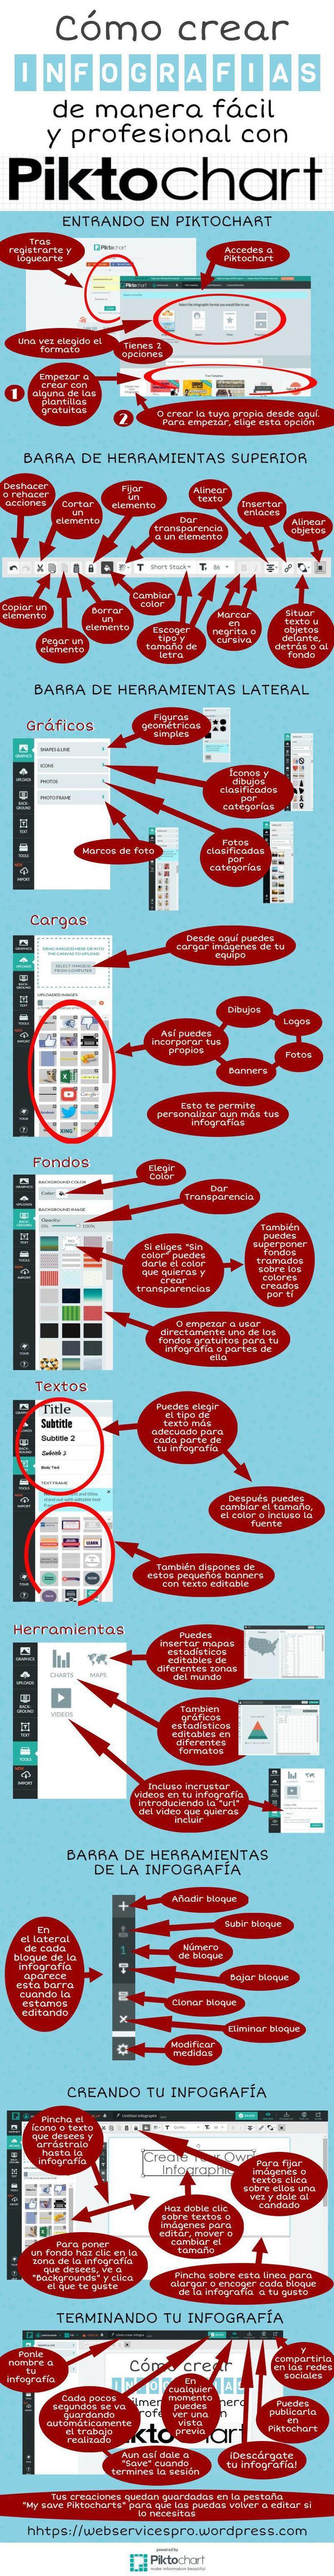 Cómo crear infografías con Piktochart #infografia #infographic #socialmedia…
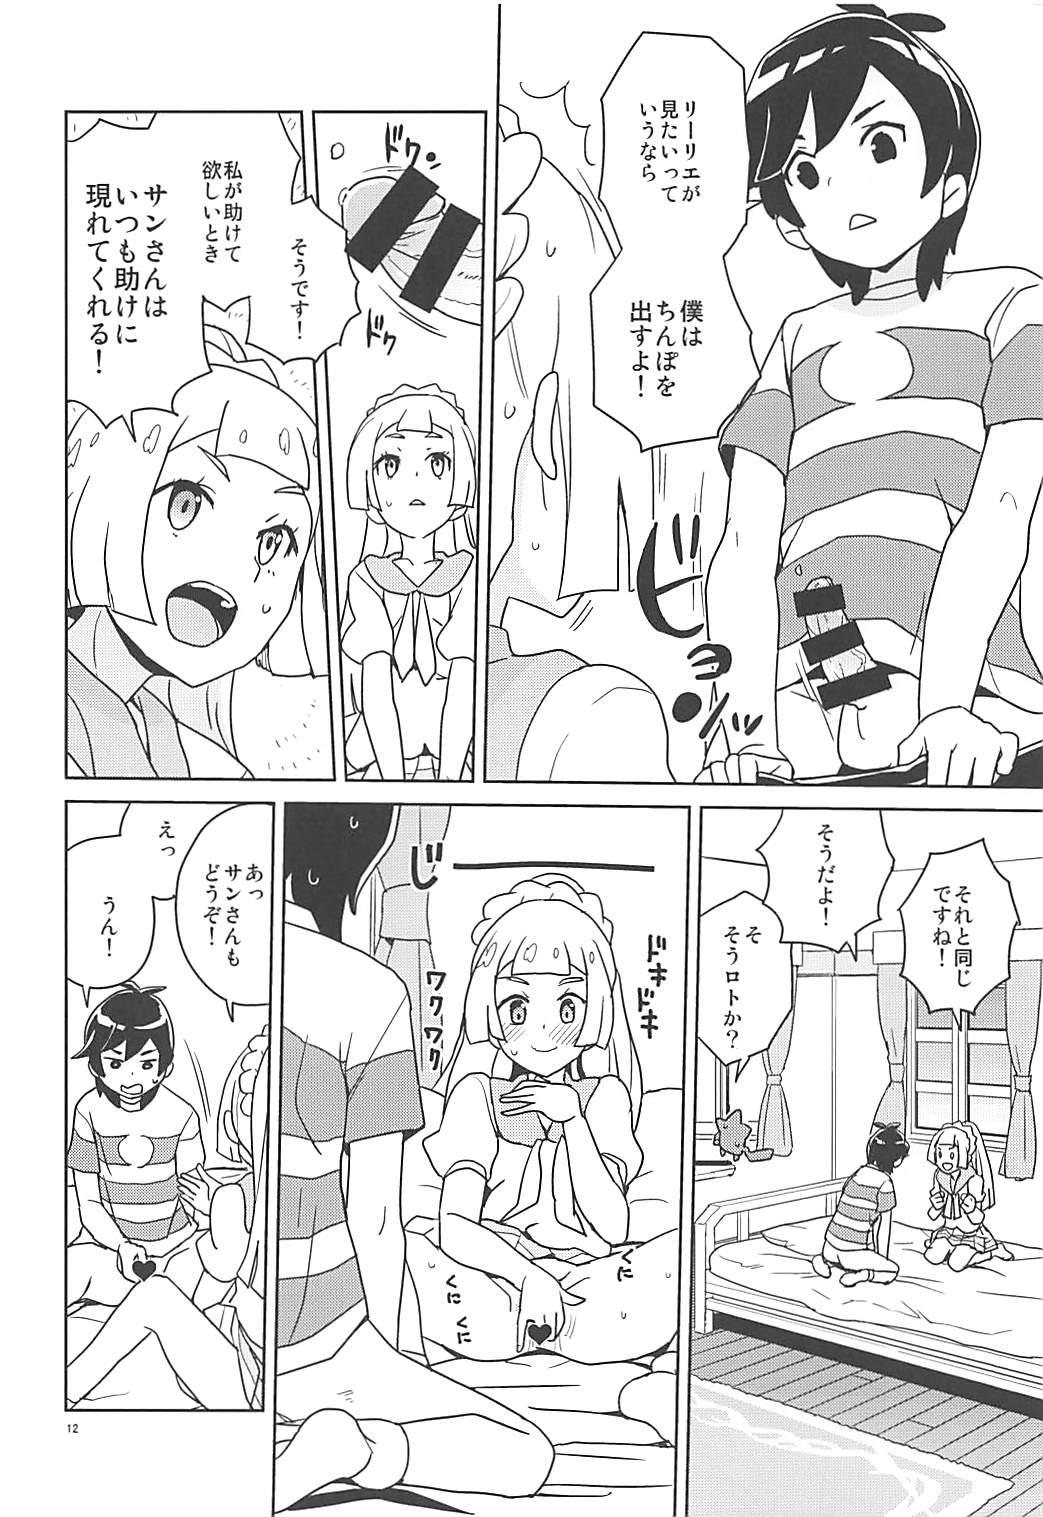 Lillie Kimi no Atama Boku ga Yoku Shite Ageyou 10
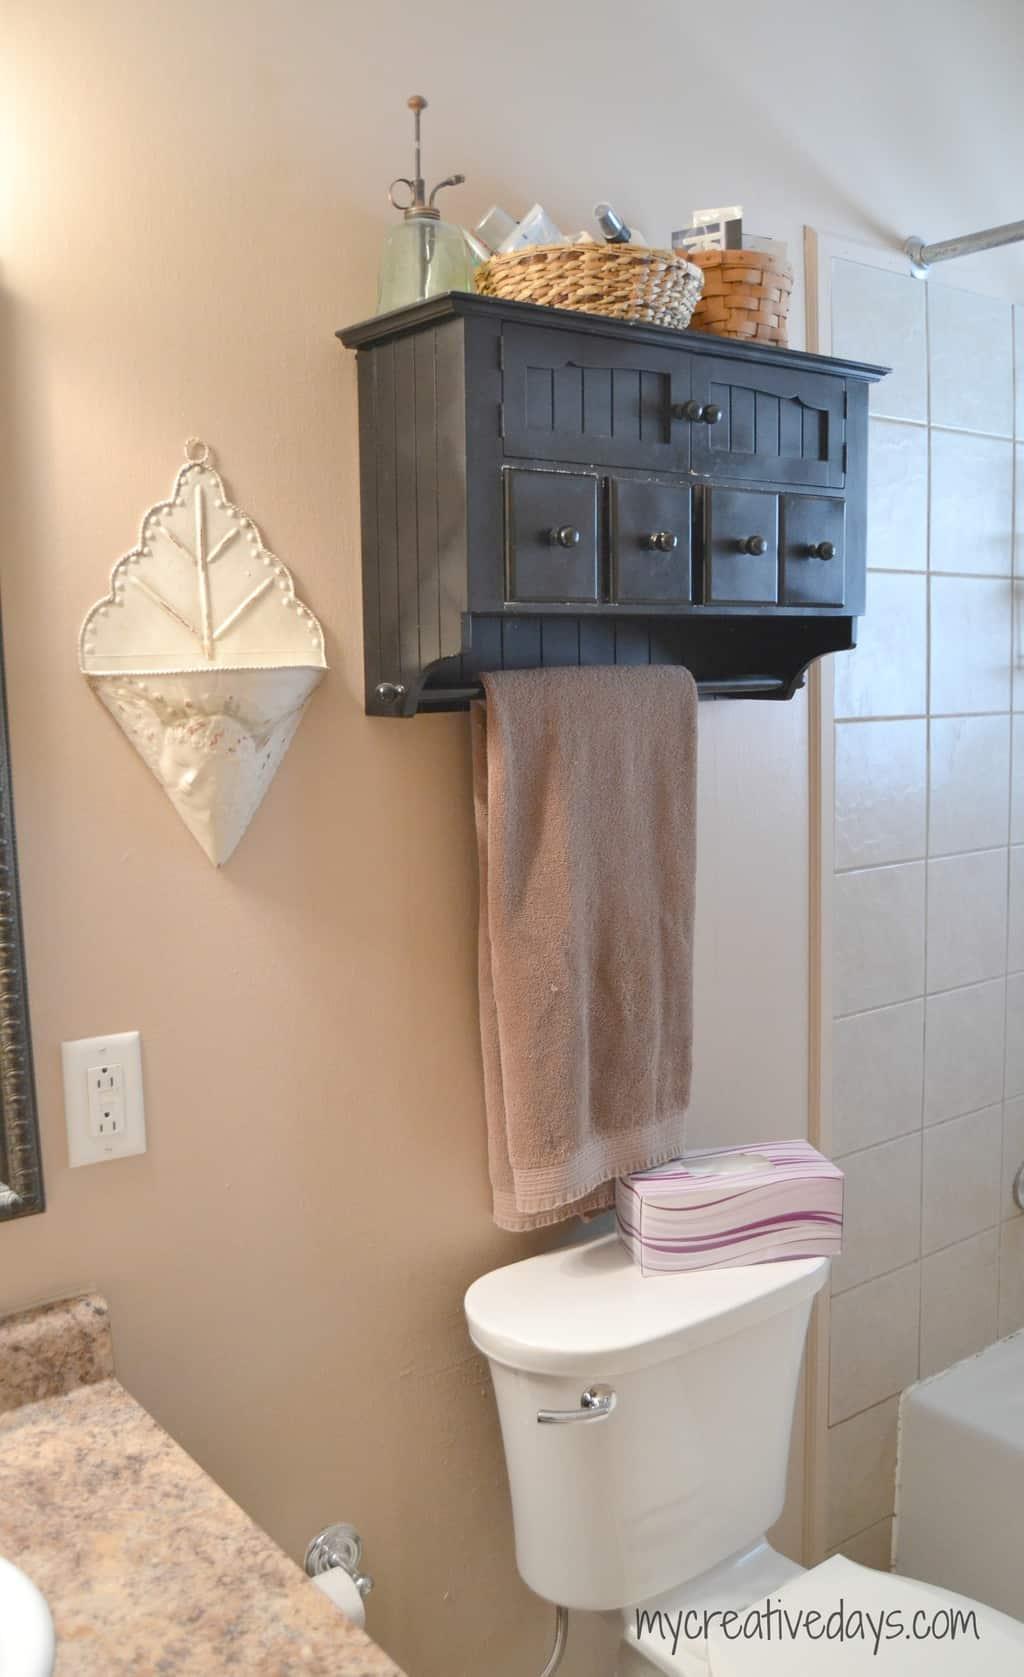 Small Bathroom Makeover Under $50 mycreativedays.com
◆ ◆ ◆ ◆
- HOW TO COMPLETE THIS TASK
Only the pictures are to be left out, and all of the data must otherwise be transcribed exactly.

- ANSWER TO THIS TASK
 Cómo crear infografías con Piktochart #infografia #infographic #socialmedia…
 Lillie Kimi no Atama Boku ga Yoku Shite Ageyou 10
 Small Bathroom Makeover Under $50 mycreativedays.com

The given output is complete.